Tércio Machado

Personal information
- Full name: Tércio Nunes Machado
- Date of birth: 9 January 1978 (age 47)
- Place of birth: Coromandel, Minas Gerais, Brazil
- Height: 1.80 m (5 ft 11 in)
- Position(s): Midfielder

Senior career*
- Years: Team / Apps / (Gls)
- 1997–1998: Atlético Mineiro
- 1999: Caxias
- 1999: Cruzeiro
- 2000: Náutico
- 2001–2003: Atlético Mineiro
- 2004–2007: Ceilândia
- 2008: KL Plus FC
- 2008–2009: Feirense
- 2010–2011: Araxá
- 2012: Kanbawza

= Tércio Machado =

Brazilian footballer

Tércio Nunes Machado (born 9 January 1978) is a Brazilian former association football player.

==Club career==
As a midfielder, Tércio Nunes Machado played for several clubs including Atlético Mineiro, Caxias, Cruzeiro, Náutico and Ceilândia in Brazil before heading overseas.

He had a season with KL Plus FC in Malaysia before played for Feirense in Portugal and for Araxá in Brazil.

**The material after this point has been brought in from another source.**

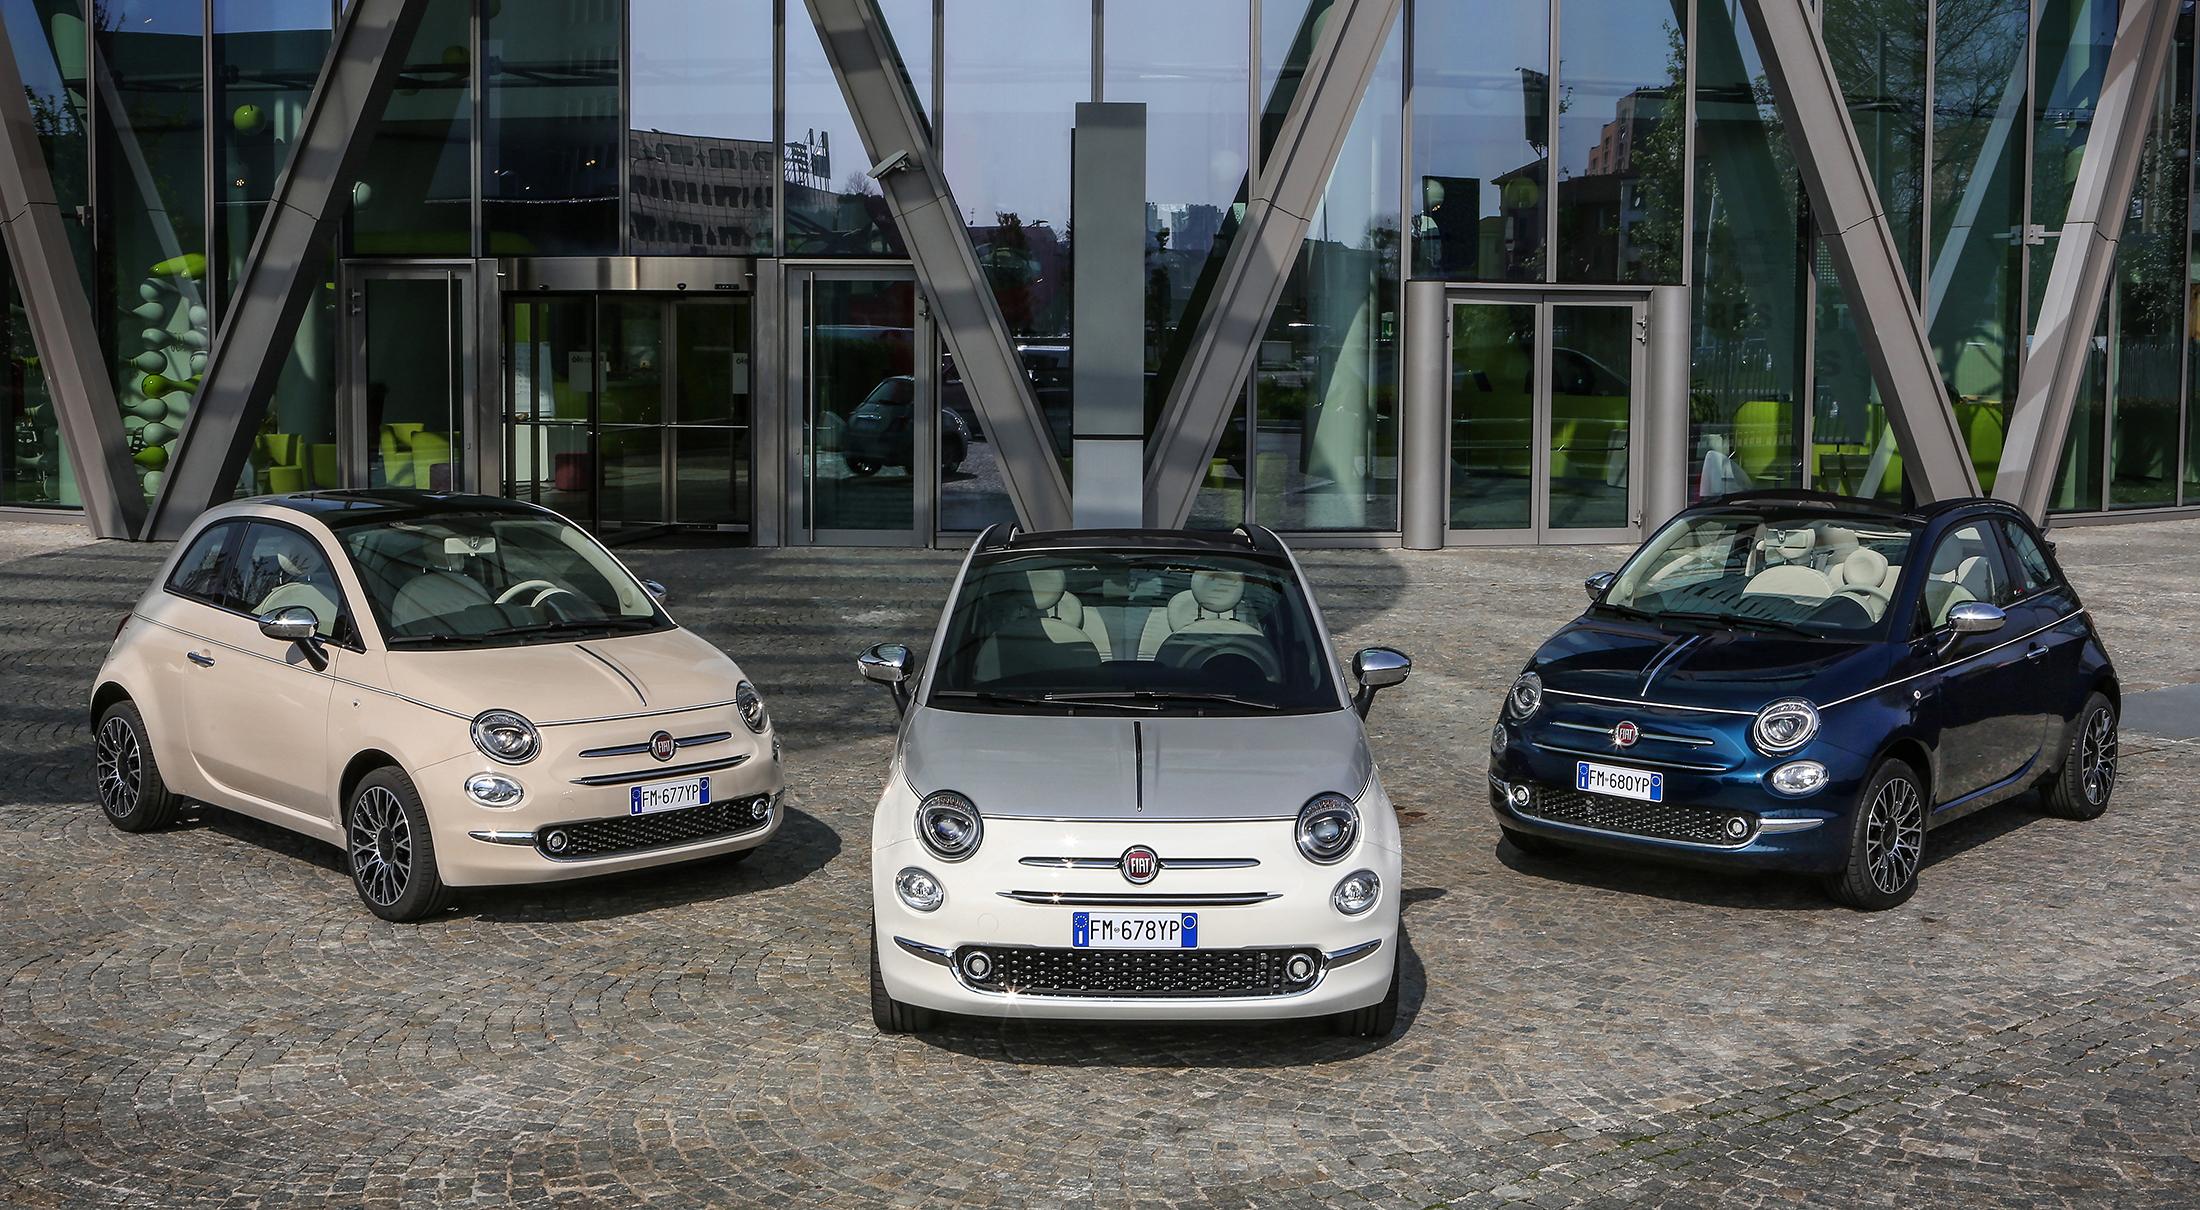 Fiat 500 photo
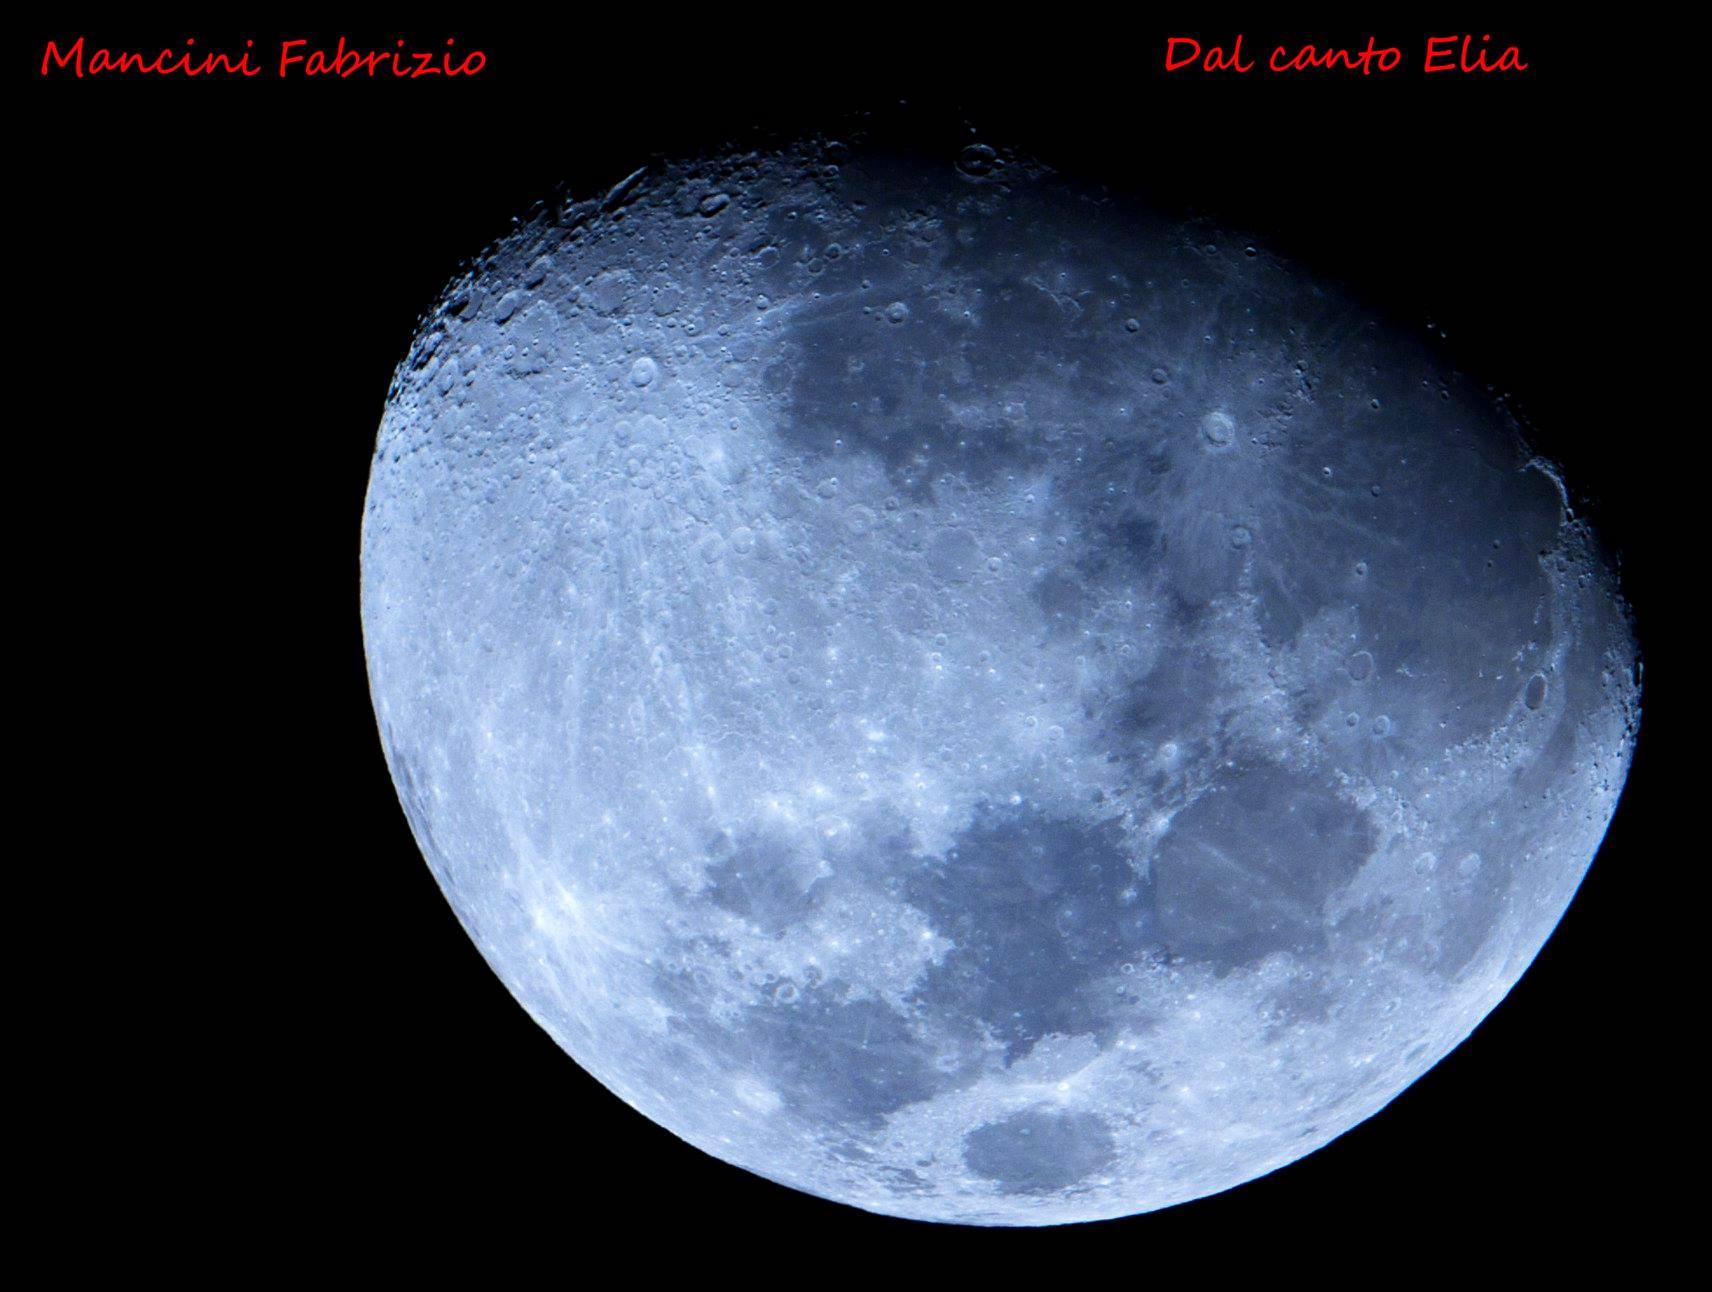 luna-dalcanto-mancini-57456860_2181422638602319_2918504464602103808_o.jpg

In December 2011, he returned to Malaysia and signed with Malaysia Super League side Terengganu FA, which will play in the 2012 AFC Cup. However, he later failed to register in the league after failing meeting the Football Association of Malaysia rules and requirements.

He left Malaysia and joined the Myanmar side, Kanbawza FC.